Goal of the exercise
Leave the images aside and repeat the whole listing exactly.

Data below
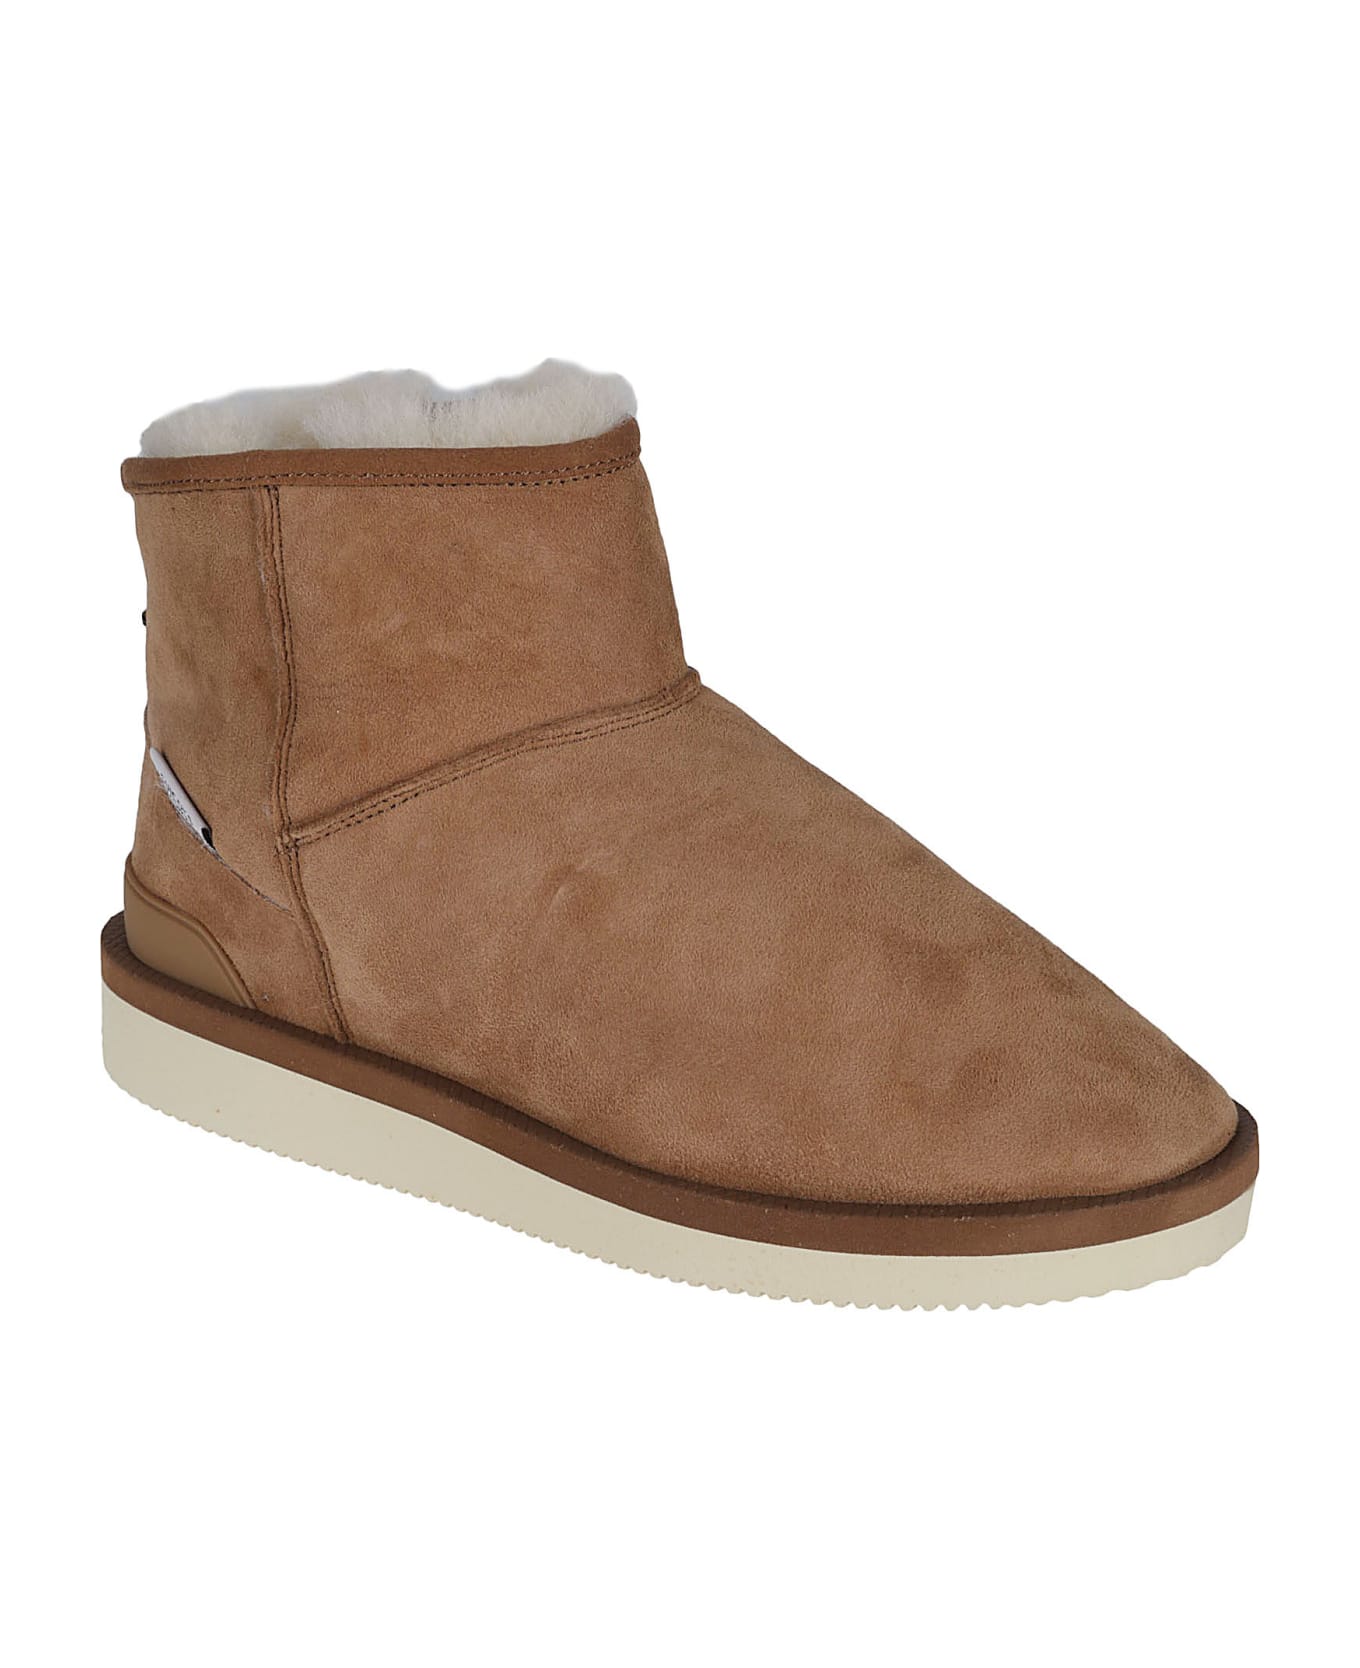 SUICOKE Fur Detailed Boots - Brown
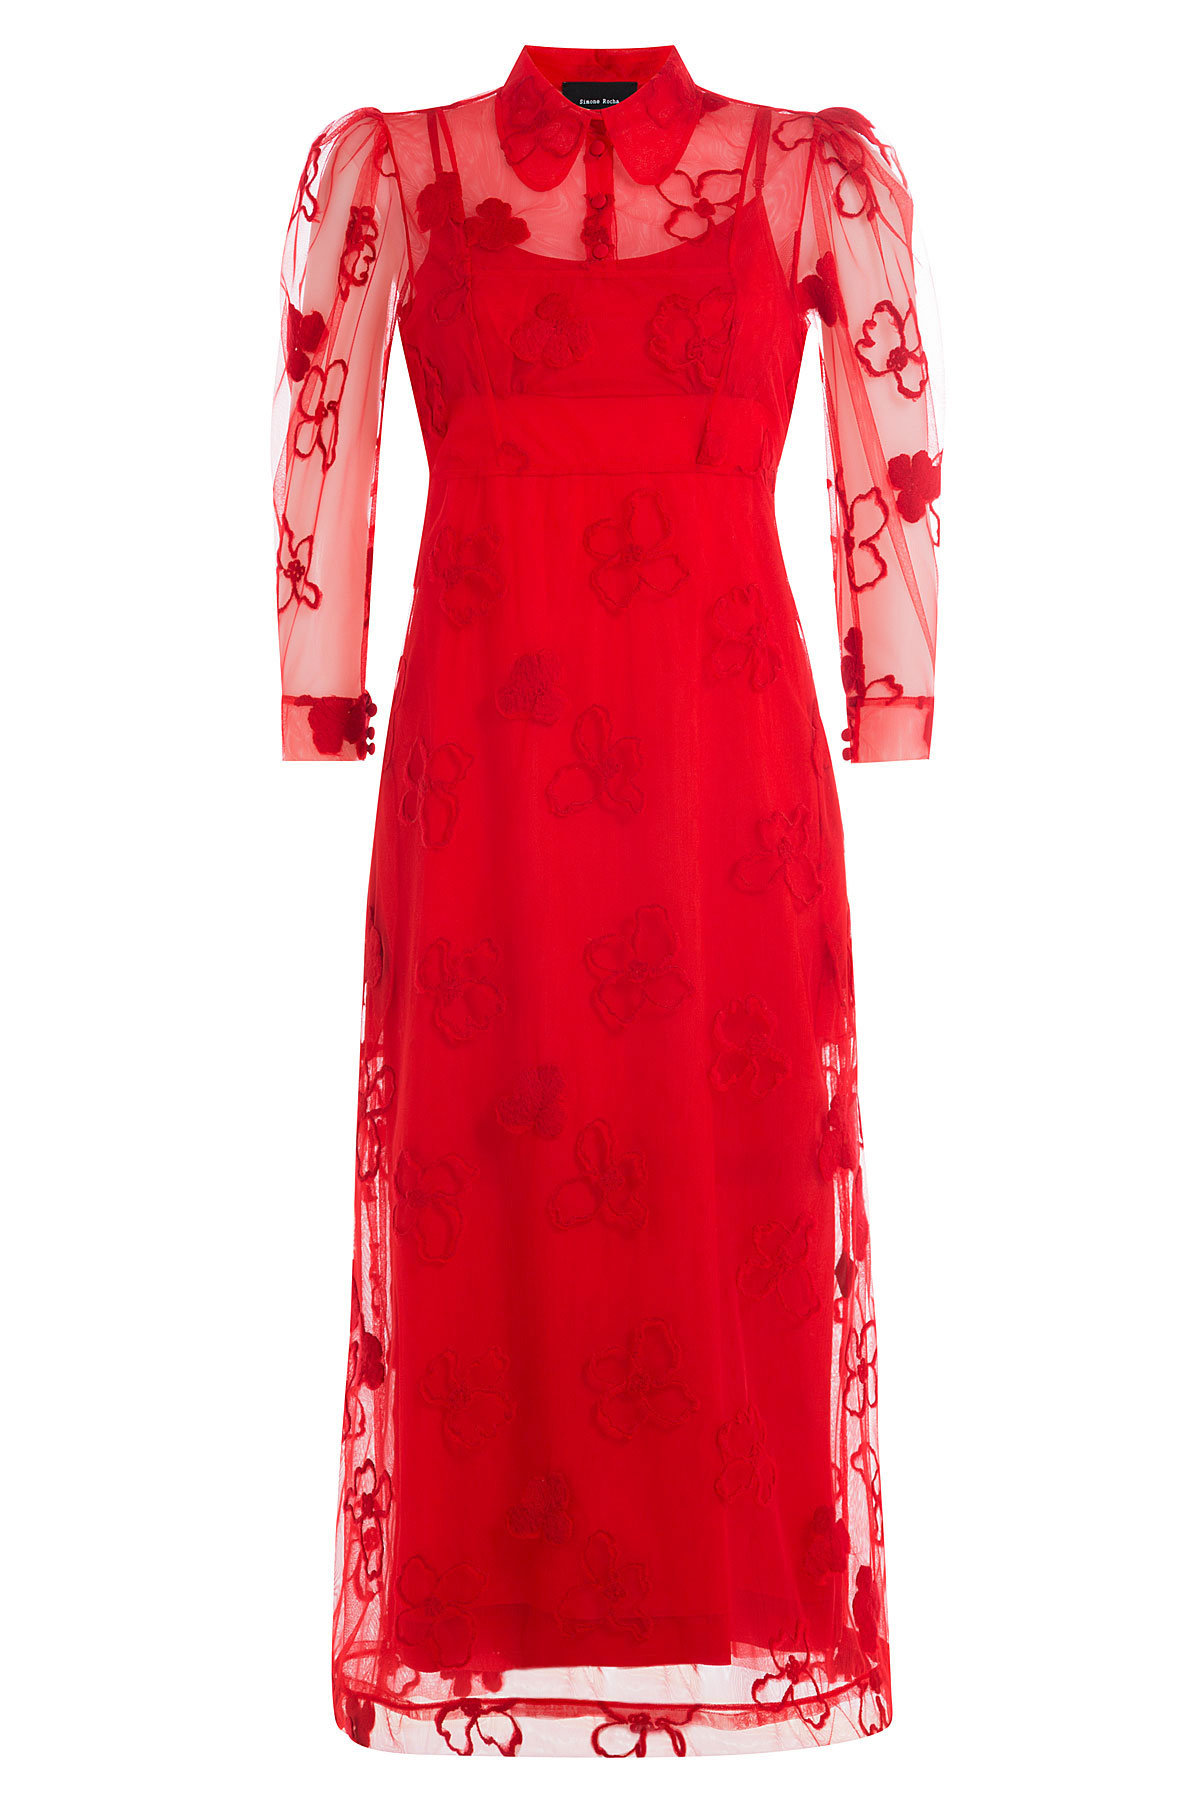 Simone Rocha - Dress with Sheer Floral Overlay
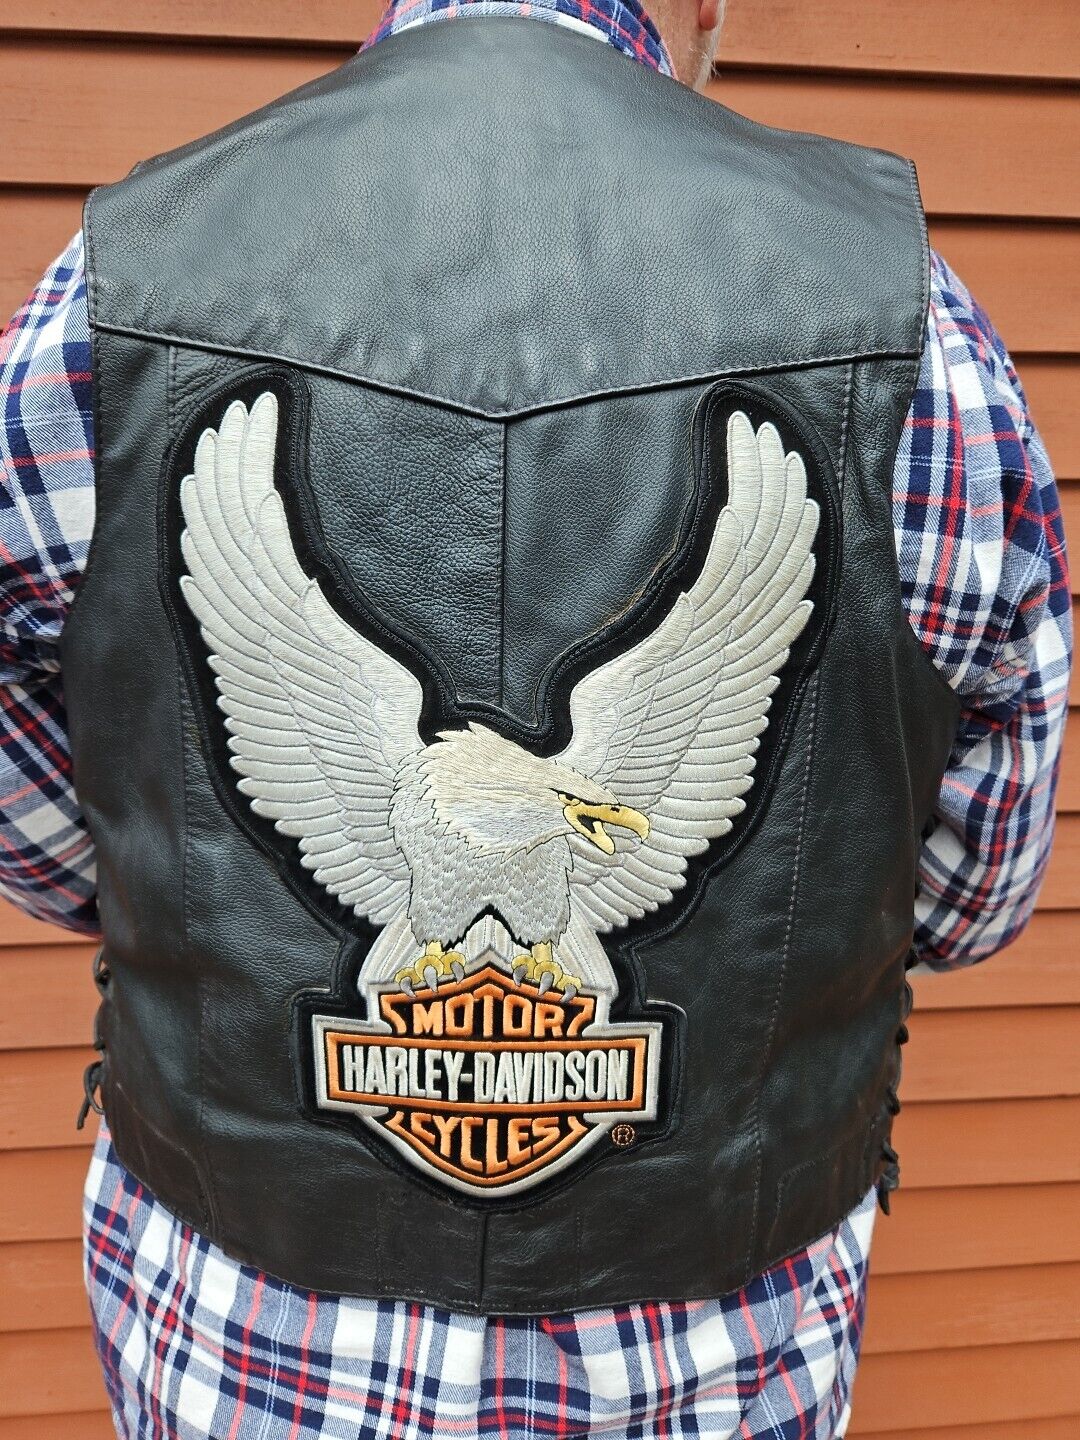  Harley Davidson Vest Hillside USA, Lace Up Black Leather Size 46

Solution below
 SUICOKE Fur Detailed Boots - Brown
 Simone Rocha - Dress with Sheer Floral Overlay
  Harley Davidson Vest Hillside USA, Lace Up Black Leather Size 46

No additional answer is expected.